You know when you have like a hundred things you could or probably should do? Oh yeah that is my life like every single day. However, I have the hardest time finding the actual motivation to do any of these hundreds of things on my list. There are just so many other thing that seem so much more entertaining that I can be doing. I think I have really almost perfected doing these other things in my life. I mean prime evidence of that would be the fact that I just finished the eleventh season of Grey’s Anatomy when I am pretty sure I didn’t even start watching it until maybe two months ago at the longest.

I remember being a missionary and being so productive. Okay some of my companions may disagree with that statement, but really we were always doing something. And I can promise we were not ever just sitting around watching soap operas. Okay maybe like once or twice when we caught a peak at the members TV while it was on. We had Plan A and Plan B for basically every minute of every day. Now I am lucky to know what I am going to be doing in two hours.

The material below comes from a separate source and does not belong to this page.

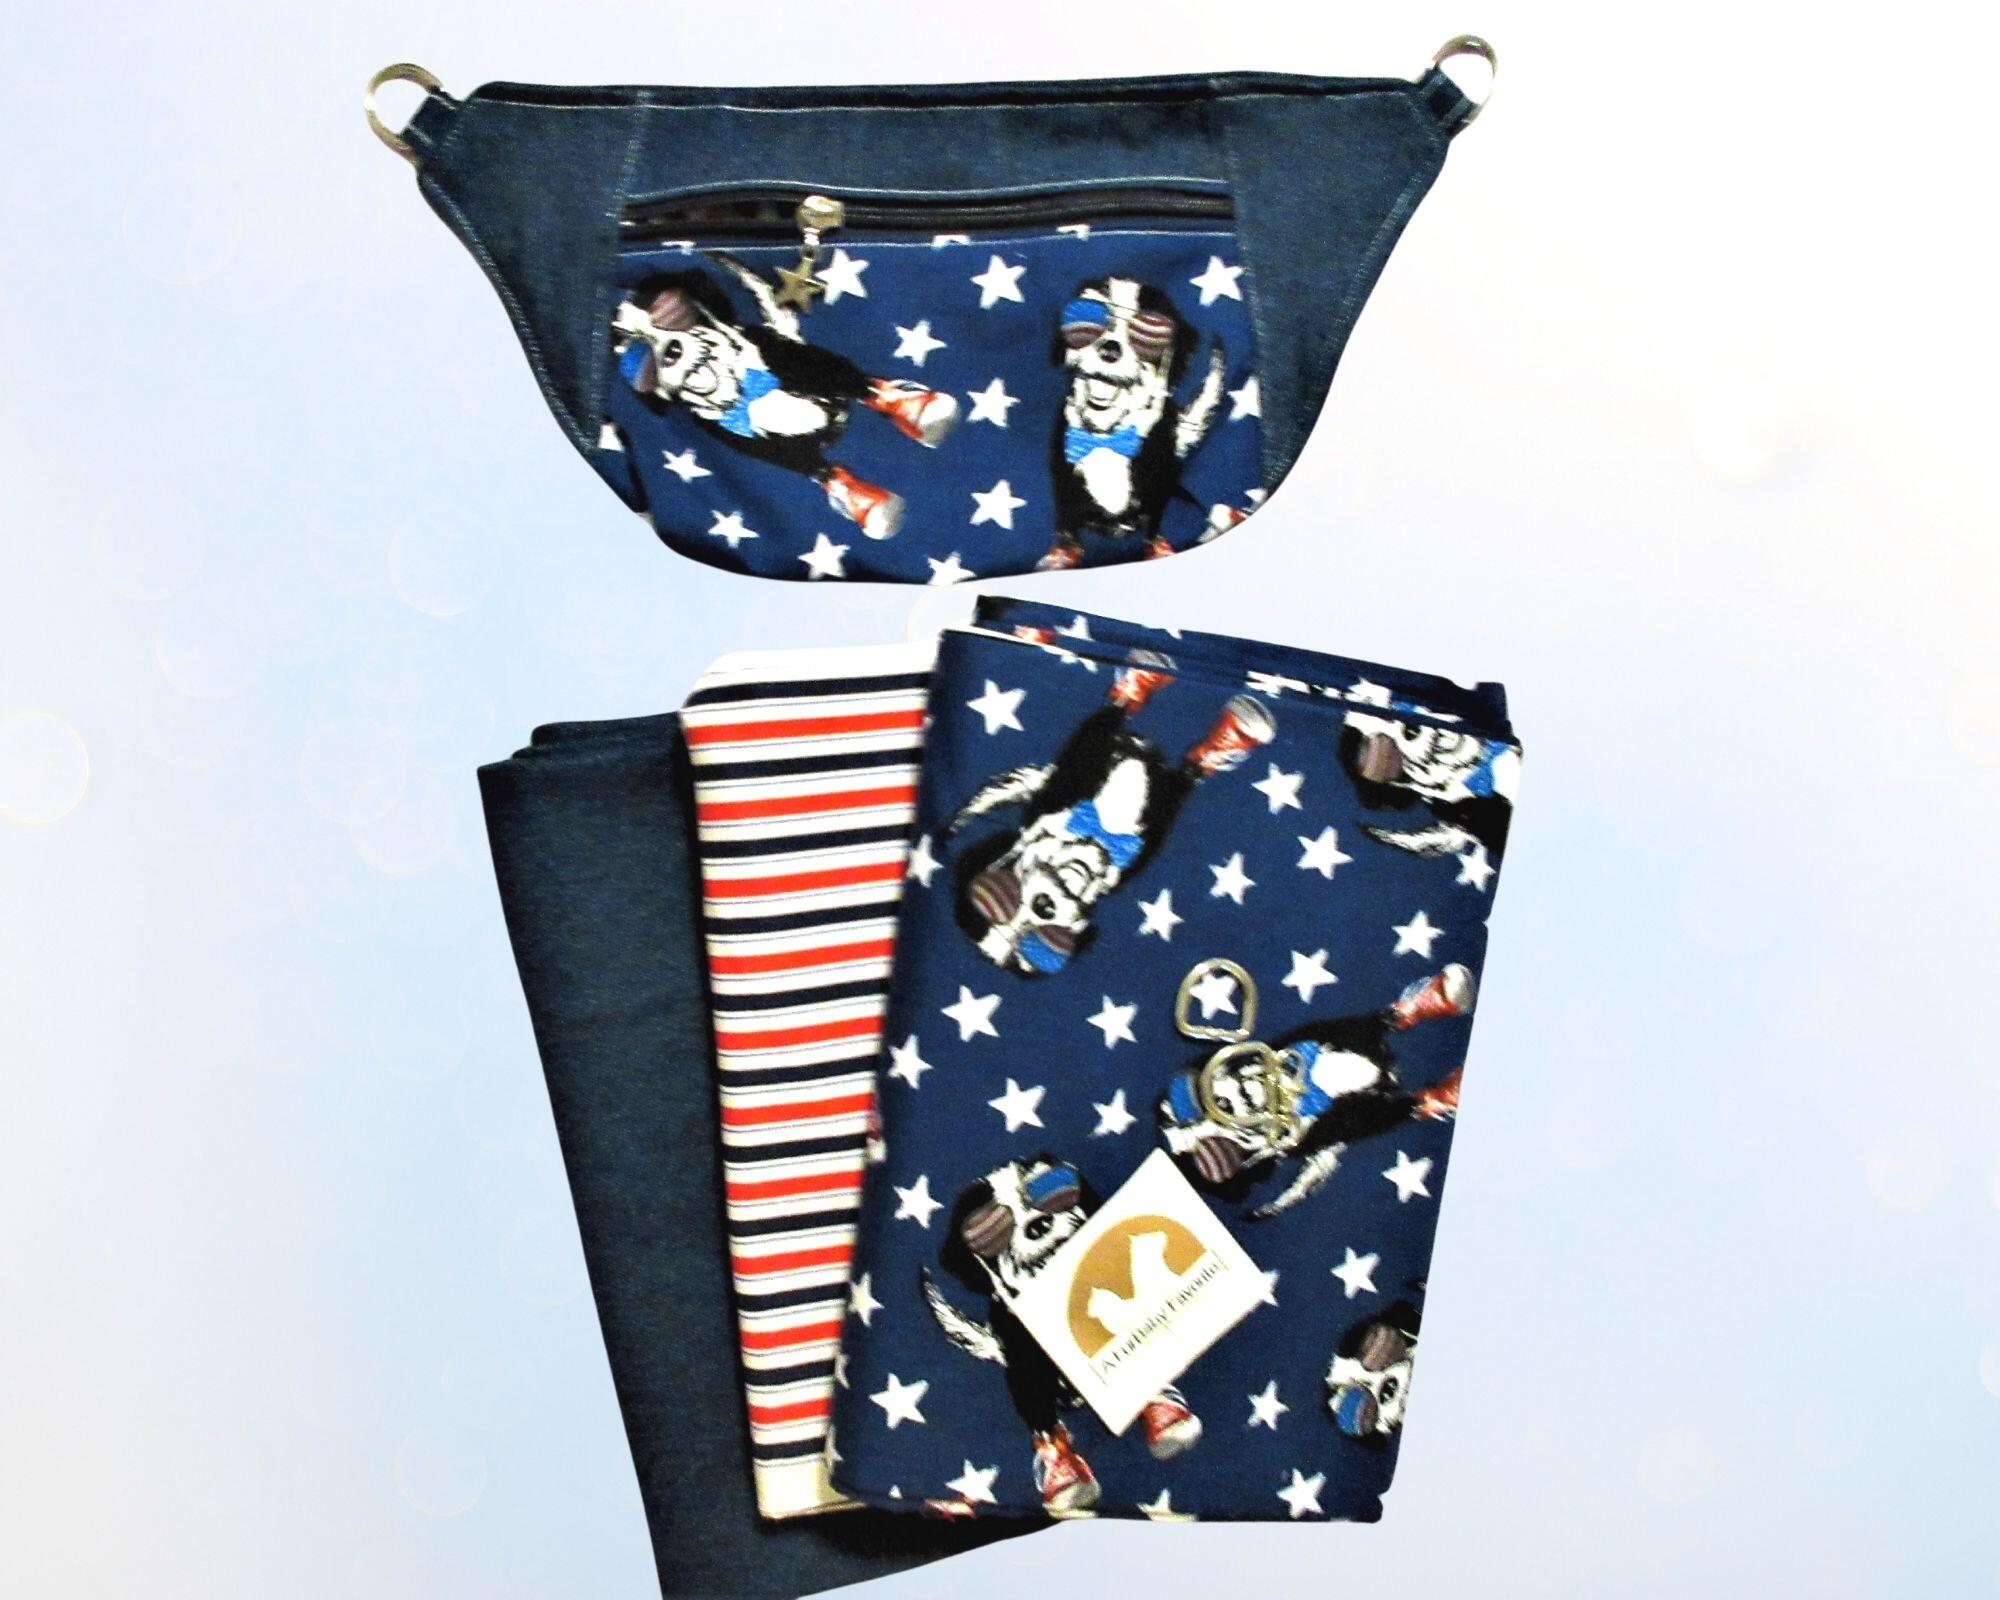 Fabric we used for the hipster americana Rock Star Dog Fanny Pack for men or women Adjustable strap with Red white and blue lining bum bag

At the end of my mission I started to quickly realize that I was not going to have the same purpose that drove my productivity. I was worried about what would happen when I got home from my mission and just didn’t have a purpose that I was so passionate about. I wish I could say that I came home and just kept my missionary spirit and purpose with me always, but I can’t. I fell. I let the things of the world come in and take away from some of the wonderful things that I had just barely learned. To me it is amazing how fast bad habits can creep into your life. Satan is good, he is a pro at stealing the hearts of man. I mean he has been doing it since the beginning of time. So why? Why do we think we can out smart him on our own. It has never happened and quite frankly it is never going to happen. We need help, we need help every single day.  

Luckily for you and for me we aren’t expected to be perfect. Our Heavenly Father knows that we are human and that we are going to make mistakes, he knows we are going to fall. He is always always there to pick us back up and cheer us on. He even knows that we will probably screw up again and do something dumb. Yet he still loves us and is there for us without fail. I find so much comfort in this. I don’t know how you couldn’t find comfort in this.

With Conference coming up this weekend I am exciting to get a reboost in life. Find new purpose and better myself. I can’t live all of the mission rules or have hours to study the gospel every day but I can be better. I can find joy in the little victories and delight in the beauty of God that is all around us. Plus I tend to have a lot of time to myself like every other week…..that I could fill a little more productively. 

When I started writing I had no idea where this post would go, but I kind of like it. Mostly I was just putting off the hundreds of other things I should probably do, but do not want to do.